When I woke, there was bright, endless sunshine. The canoe bobbed leisurely in the water. My head spun. I reached for the Winchester but it was gone. I remembered the river, the forever cold that had seeped into my bones. I figured the gun must be somewhere in the river. I raised my head and the barbed wire in my veins vibrated from my ankle to my shoulder. My head fell back to the cold boat floor. There was a new pack, smaller than the last, stuffed to the brim. The Remington was carefully placed underneath it. It was still bitter cold, I felt it on my face, but my clothes were dry and warm. My hands were wrapped in soft, thick gloves. My right arm was in a sling and my leg was numb.
“Last night,” I said, my voice hoarse, I strained and turned to face Audrey, but there was just an empty seat.
In spite of the pain, I picked myself up and looked all around the canoe, the river. Audrey was gone. I sat in the middle of a wide, lazy section of river. The canoe was cocked sideways, drifting with the cold wind.

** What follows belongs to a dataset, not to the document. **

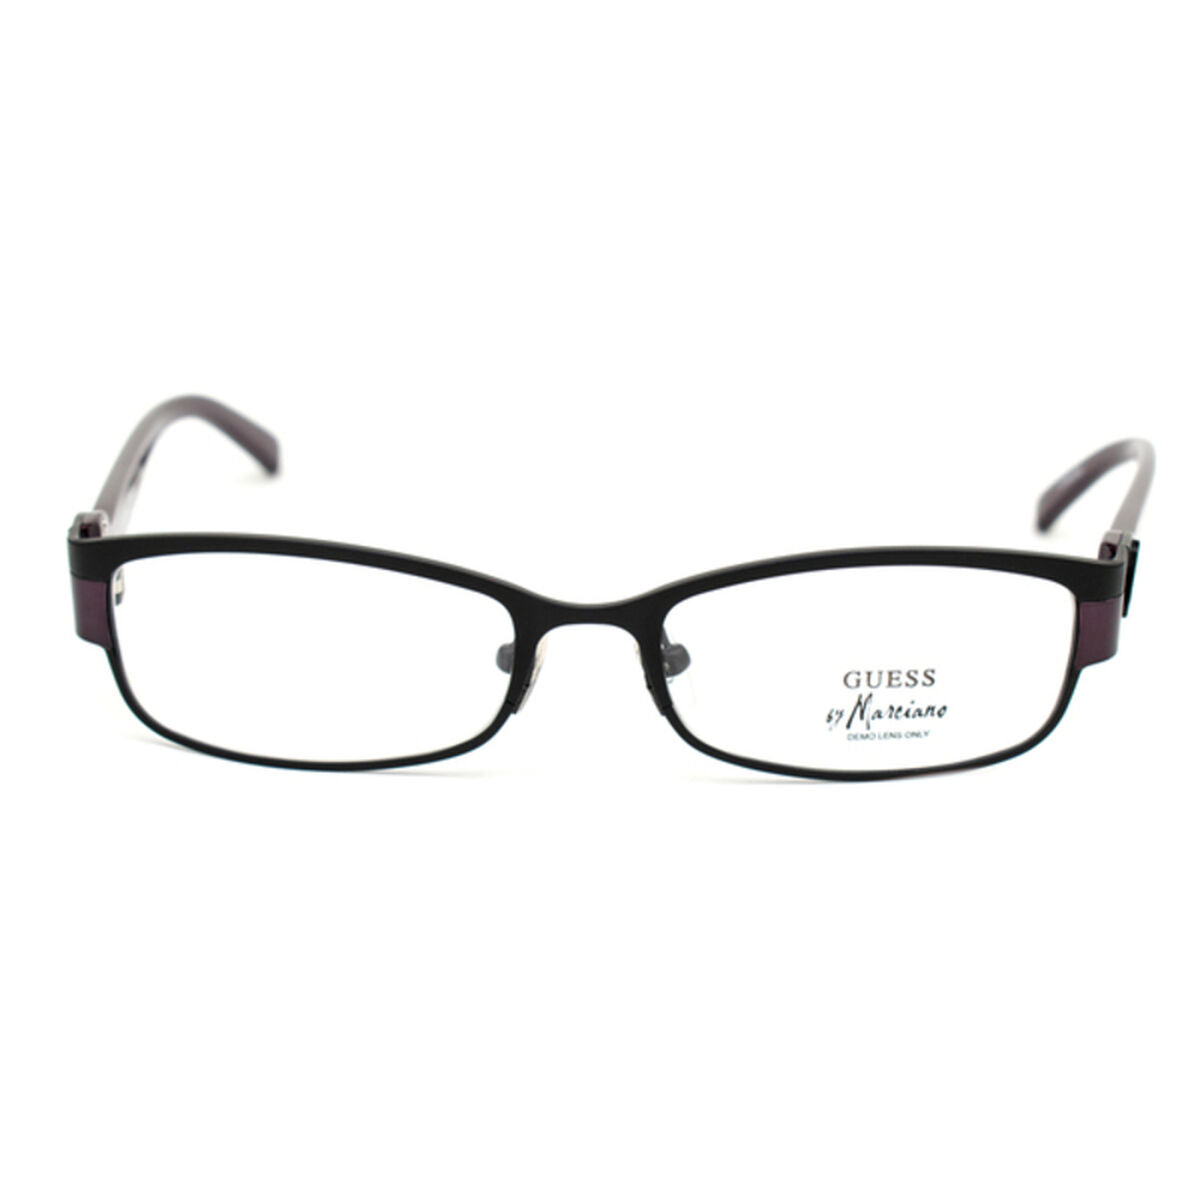 Ladies' Spectacle frame Guess Marciano GM111-BLACK

For a while, I had been afraid of the walking corpses—Heathens as many of us called them. But I fought them face-to-face and saw there was nothing to them. At that point, what terrified me was to be alone. Not alone in the land of Revelation, not alone in wandering the trackless waste, but to be without Audrey. For a brief moment she had been with me, and I deeply enjoyed and missed it. I noticed a piece of paper tied to the new pack. I reached forward and snapped it off the string.
Mostly, it was blank like the flat waters and the feeling in my leg. But Audrey had signed it, and just under the signature she wrote, “I love you.” I said it aloud to hear the words. It was the first time I’d said them as an adult. It was the first time anyone had ever told me. It was the best thing she could have given me.